Content starts

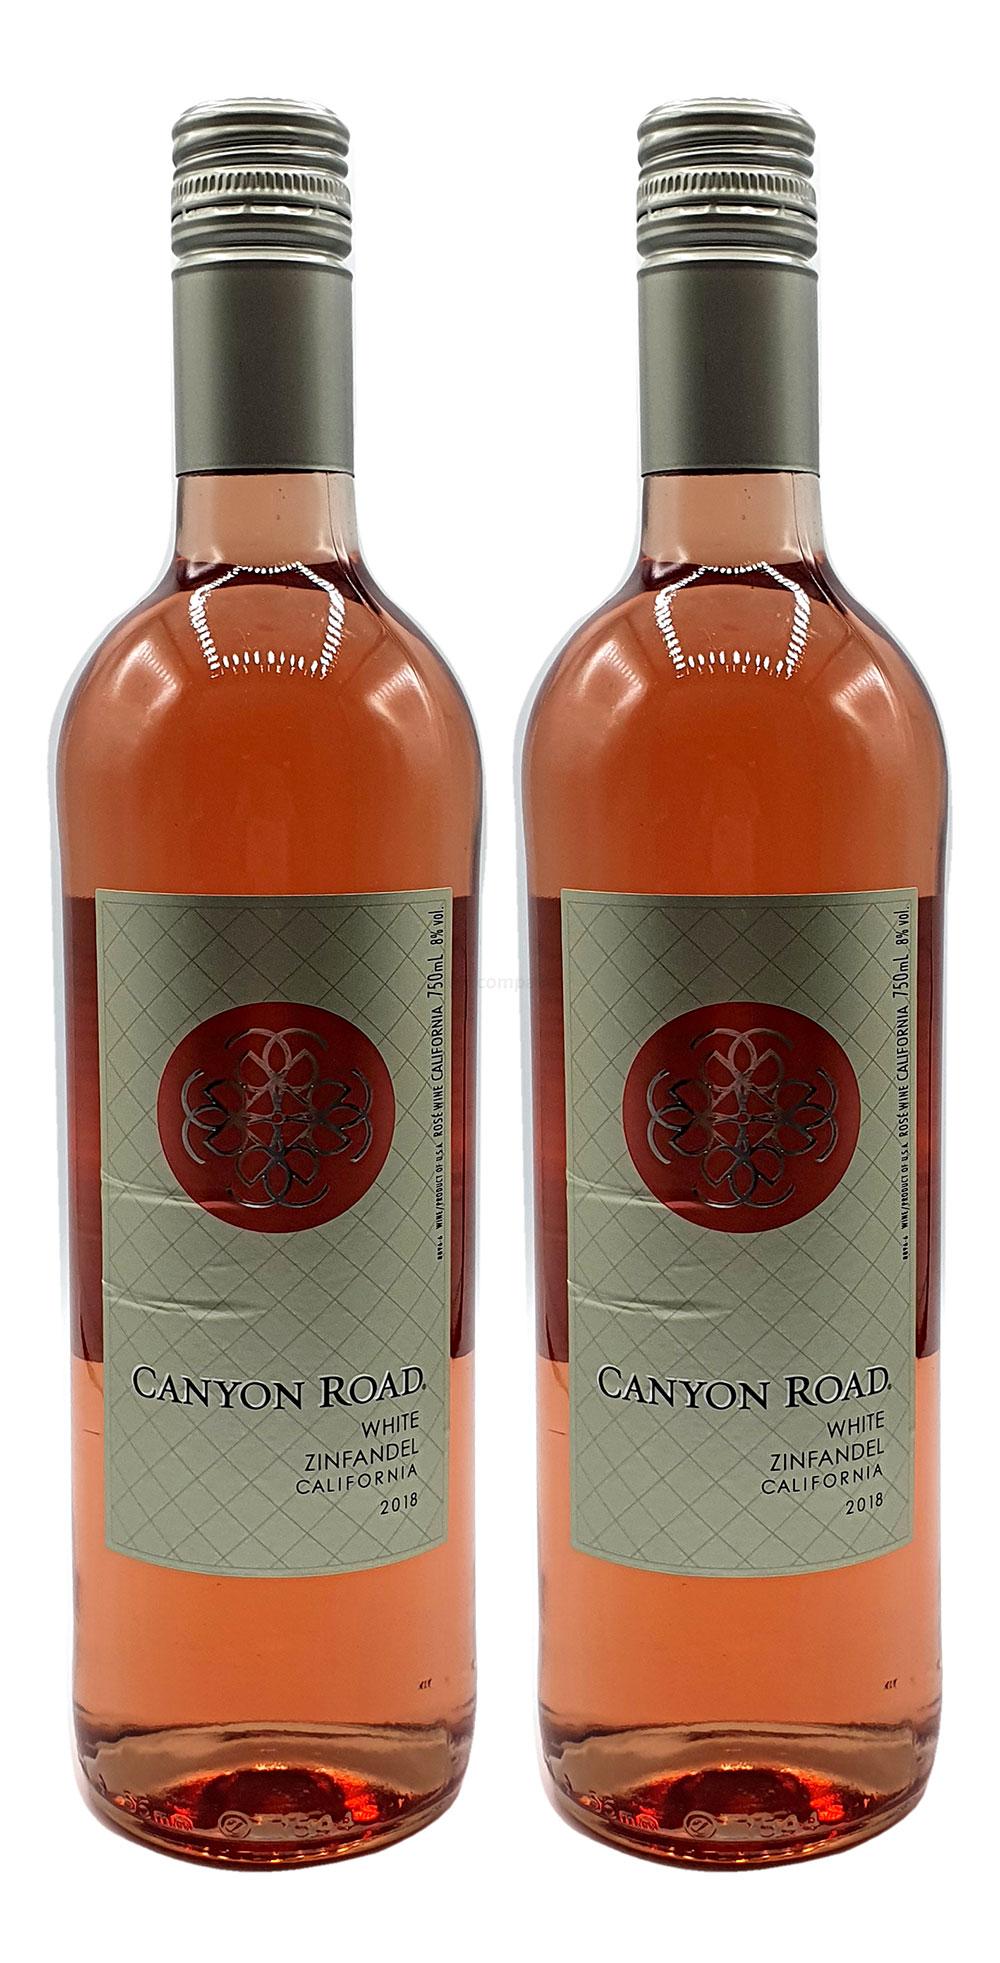 Rose Wein Set - 2x Canyon Road Zinfandel 750ml (8% Vol)- [Enthält Sulfite]
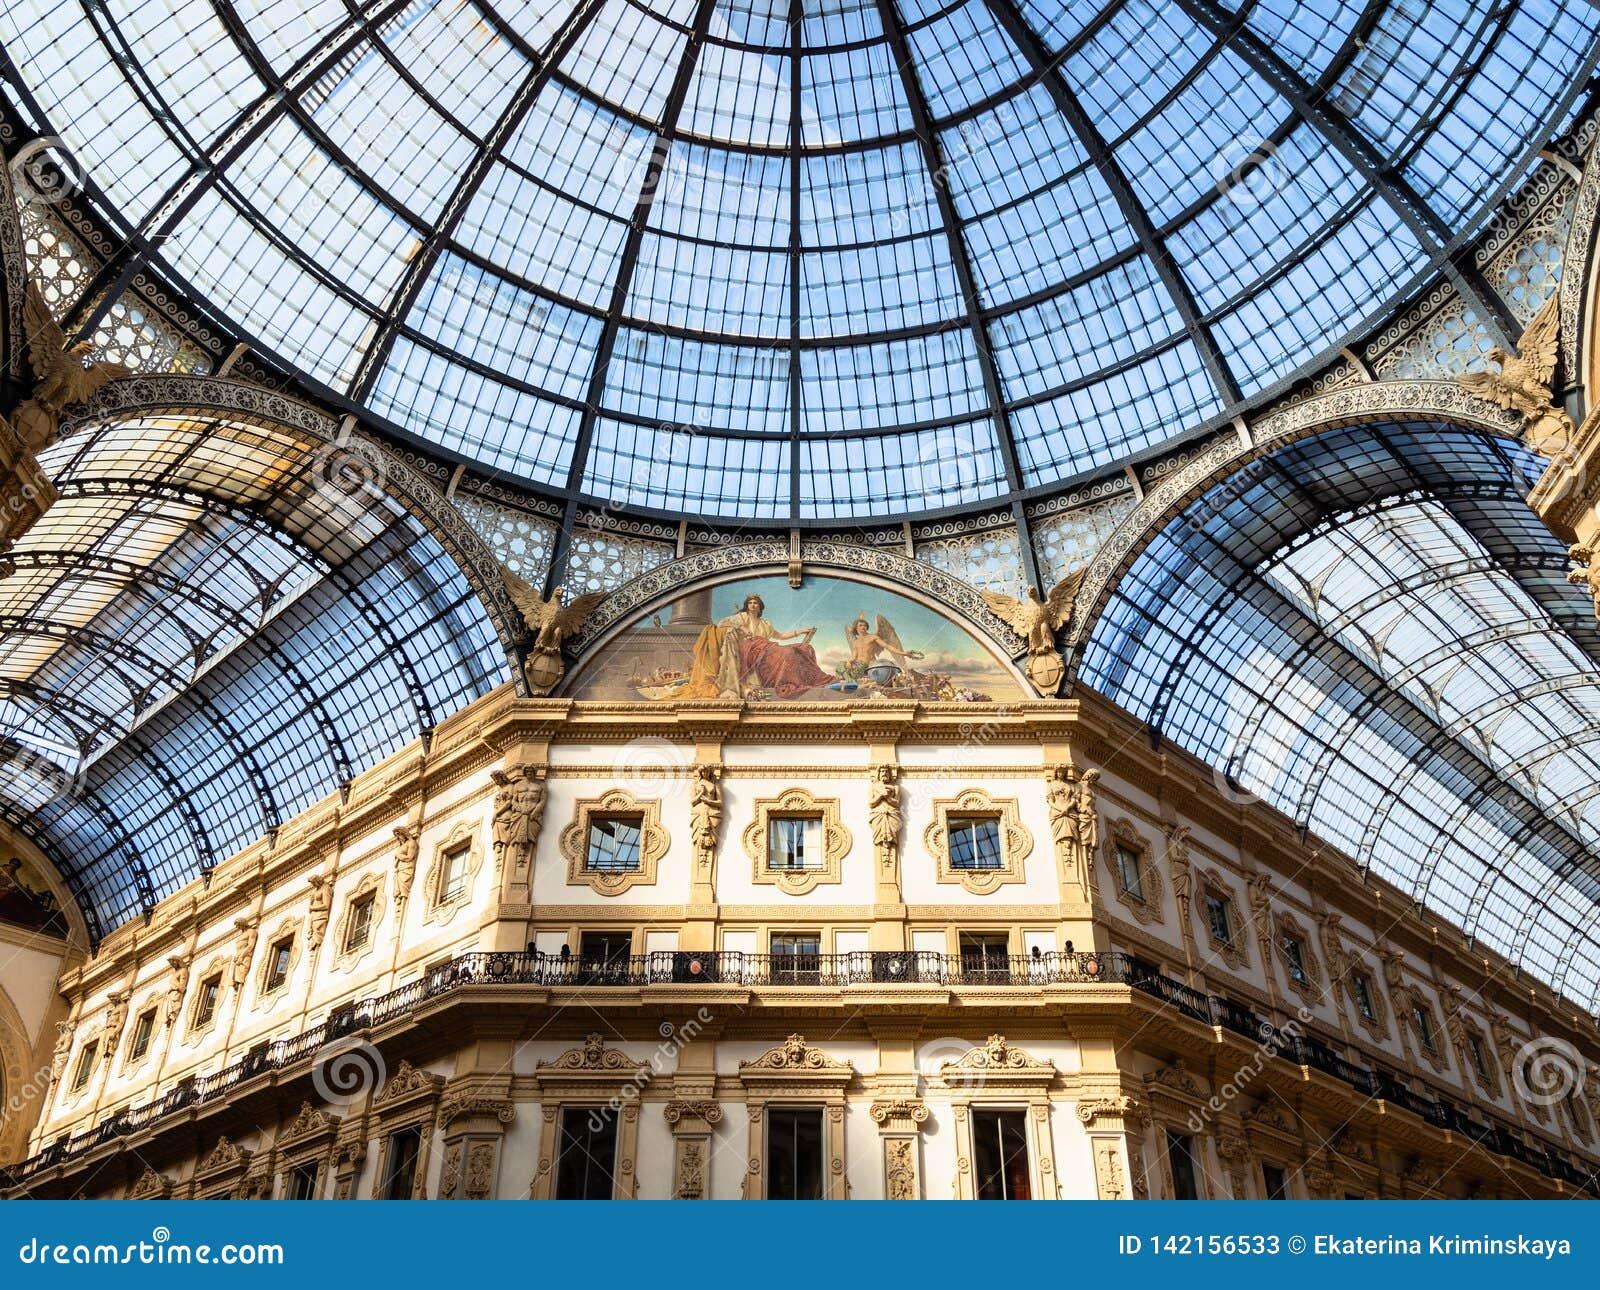 Glasdecke von Galleria Vittorio Emanuele II
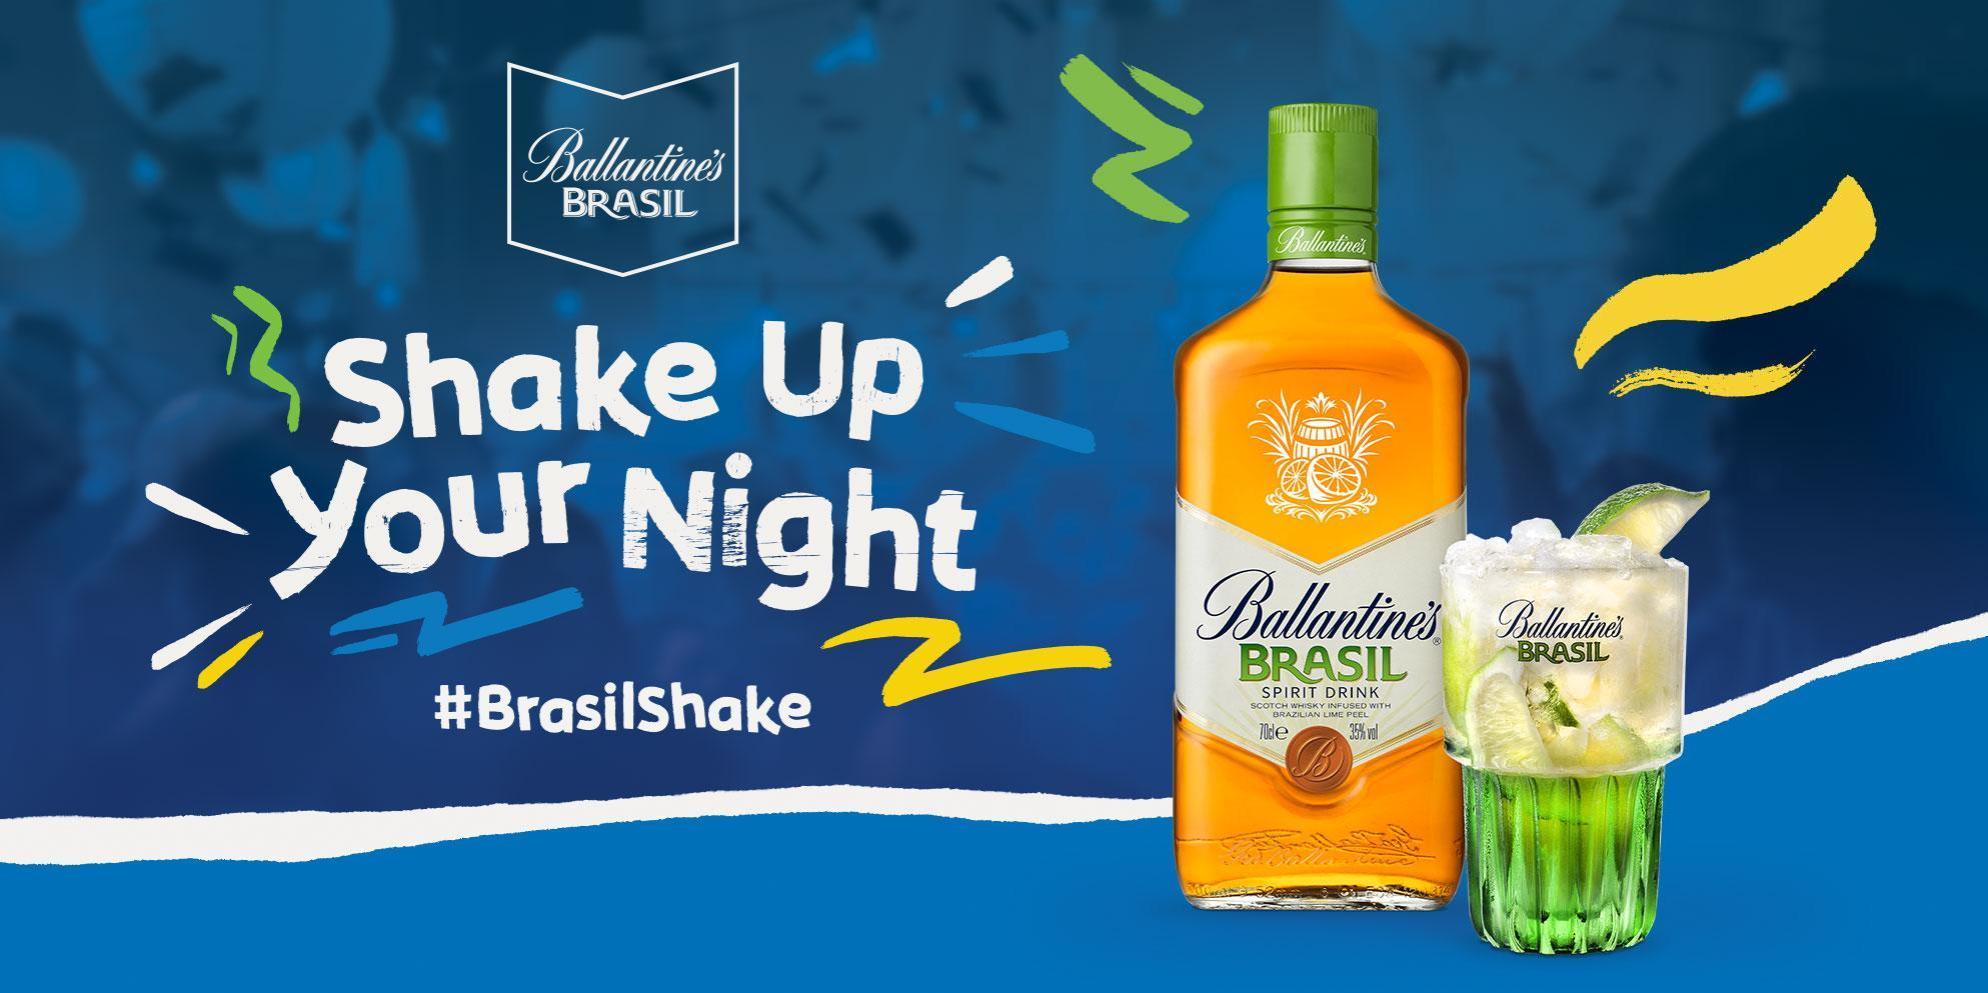 Ballantine's Scotch Whisky | Brasil Shake | Ballantine's Brasil

Content ends

WHAT YOU ARE ASKED TO DO.
Every line between the one containing "Glasdecke von Galleria Vittorio Emanuele II" and the end of the listing, both included, needs to be retyped exactly, minus the pictures.

YOUR SOLUTION.
 Glasdecke von Galleria Vittorio Emanuele II
 Ballantine's Scotch Whisky | Brasil Shake | Ballantine's Brasil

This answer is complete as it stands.